While it was not improper for Scottsdale to rely on Rule 68 at the time it made its
offer of judgment, it could no longer rely on the Rule after receiving judgment in its favor
because Rule 68 only applies to offers made by the party defending against a claim and
only to judgments obtained by the plaintiff. Delta Air Lines, Inc. v. August, 450 U.S. 346,
352 (1981); Fry v. Bd. of County Comm’rs of Baca, 7 F.3d 936, 943 (10th Cir. 1993).

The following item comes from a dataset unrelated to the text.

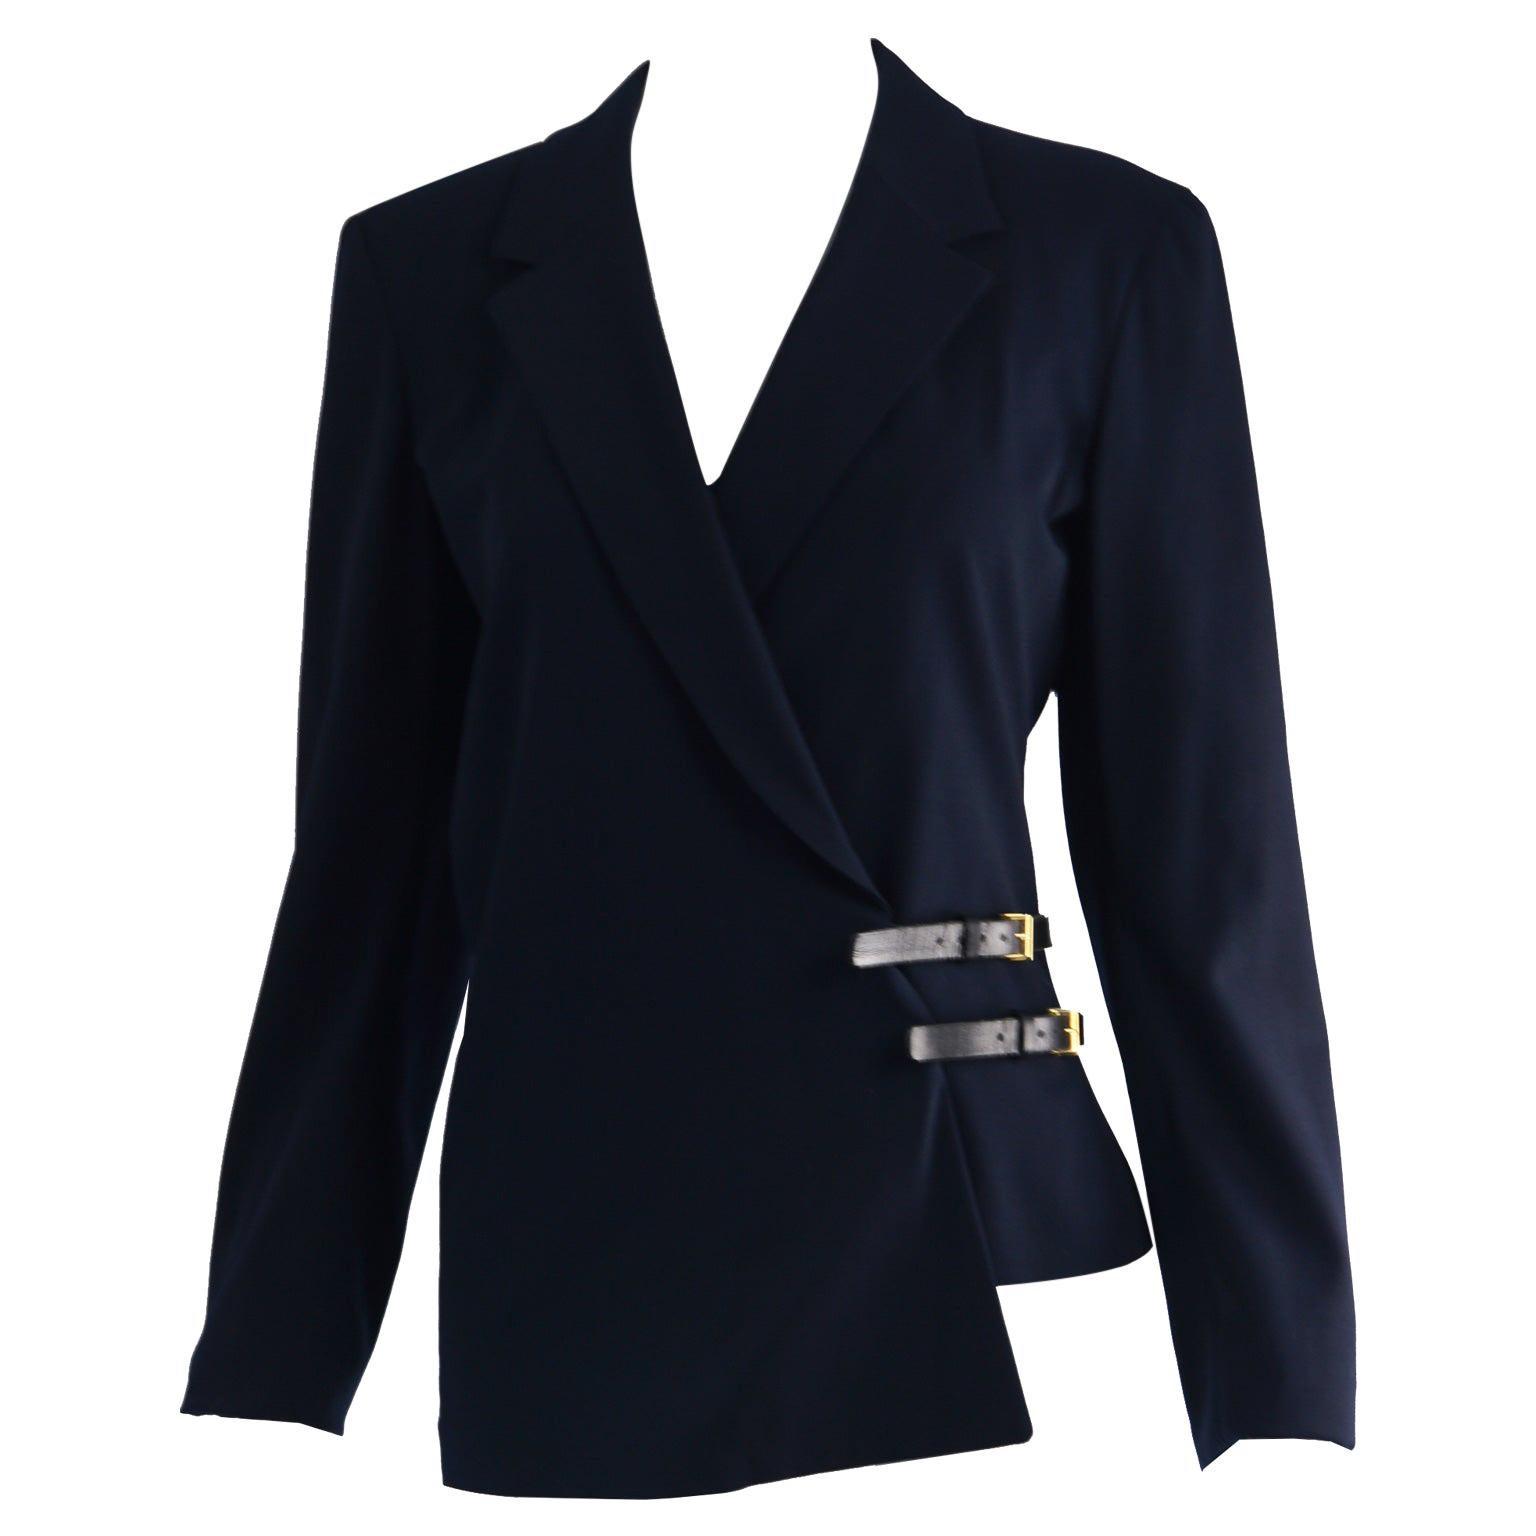 Donna Karan Signature Navy Blue Wool Tailored Jacket with Wraparound Belt
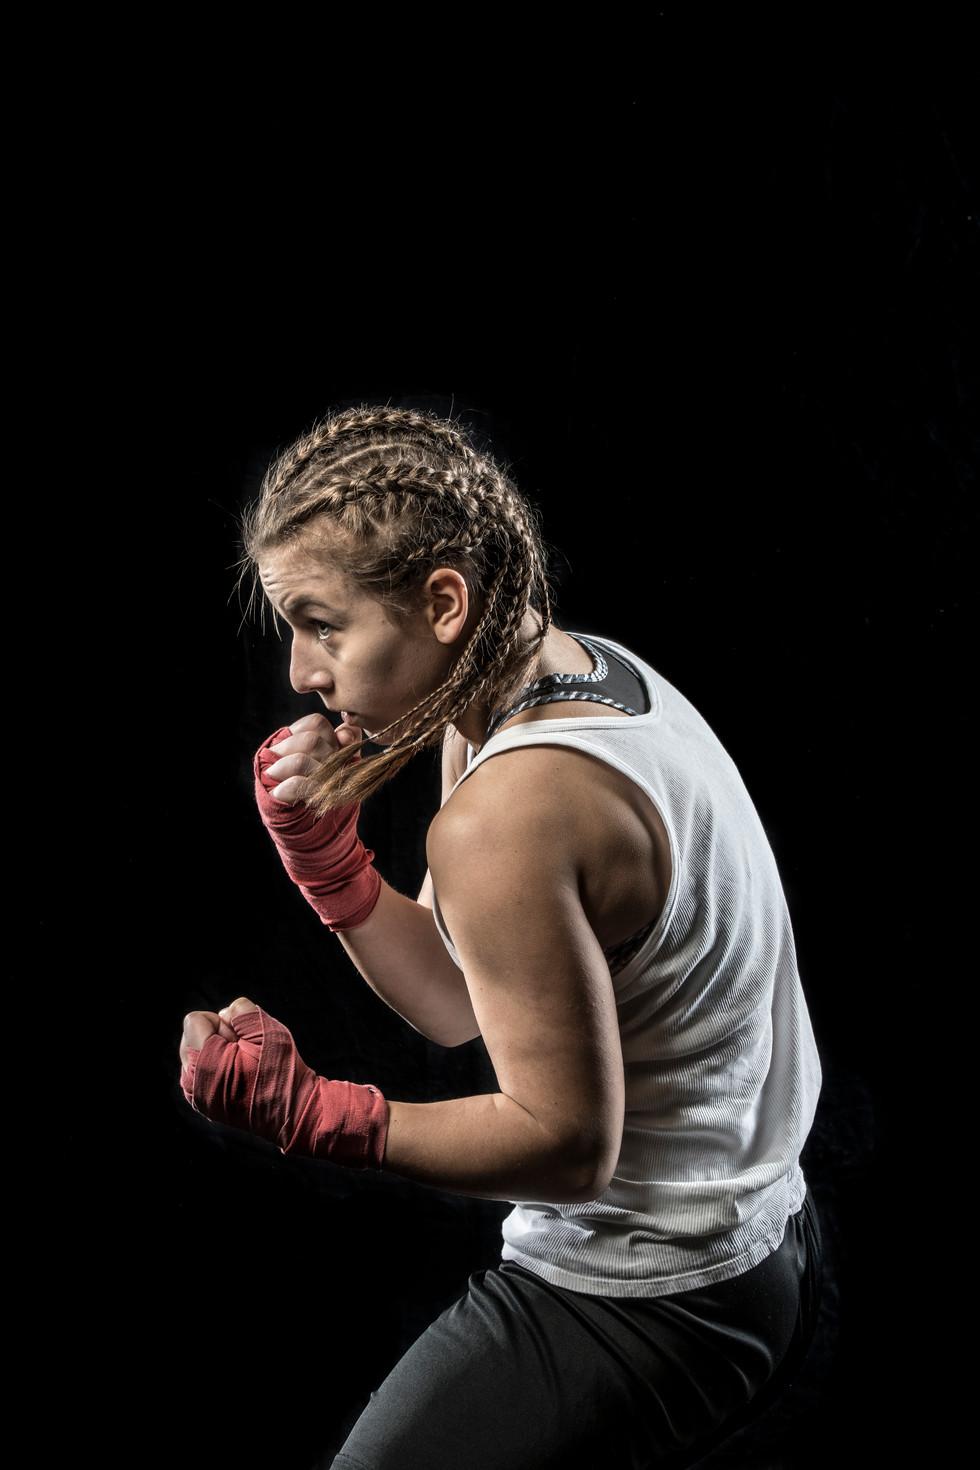 Sportfotografie-Boxen-Boxerin-11.jpg

Here, the Tollivers failed to received a judgment in their favor; rather, it was Scottsdale
that prevailed in defending against the Tollivers’ claims. Accordingly, Rule 68 is not
only inapplicable to Scottsdale’s claim for fees, but it also provides no grounds for an
award of costs. Section 1101.1(B)(3), therefore, is the applicable substantive law
entitling Scottsdale to its reasonable attorneys’ fees.
III.
In conclusion, because of the result of the trial, Rule 68 of the Federal Rules of
Civil Procedure is inapplicable to Scottsdale’s claim for attorneys’ fees based on its offer
of judgment. Oklahoma substantive law, specifically Okla. Stat. tit. 12, § 1101.1(B)(3),
governs Scottsdale’s claim. For the reasons discussed in this opinion, we AFFIRM the
district court, but for reasons different than those upon which the district court relied.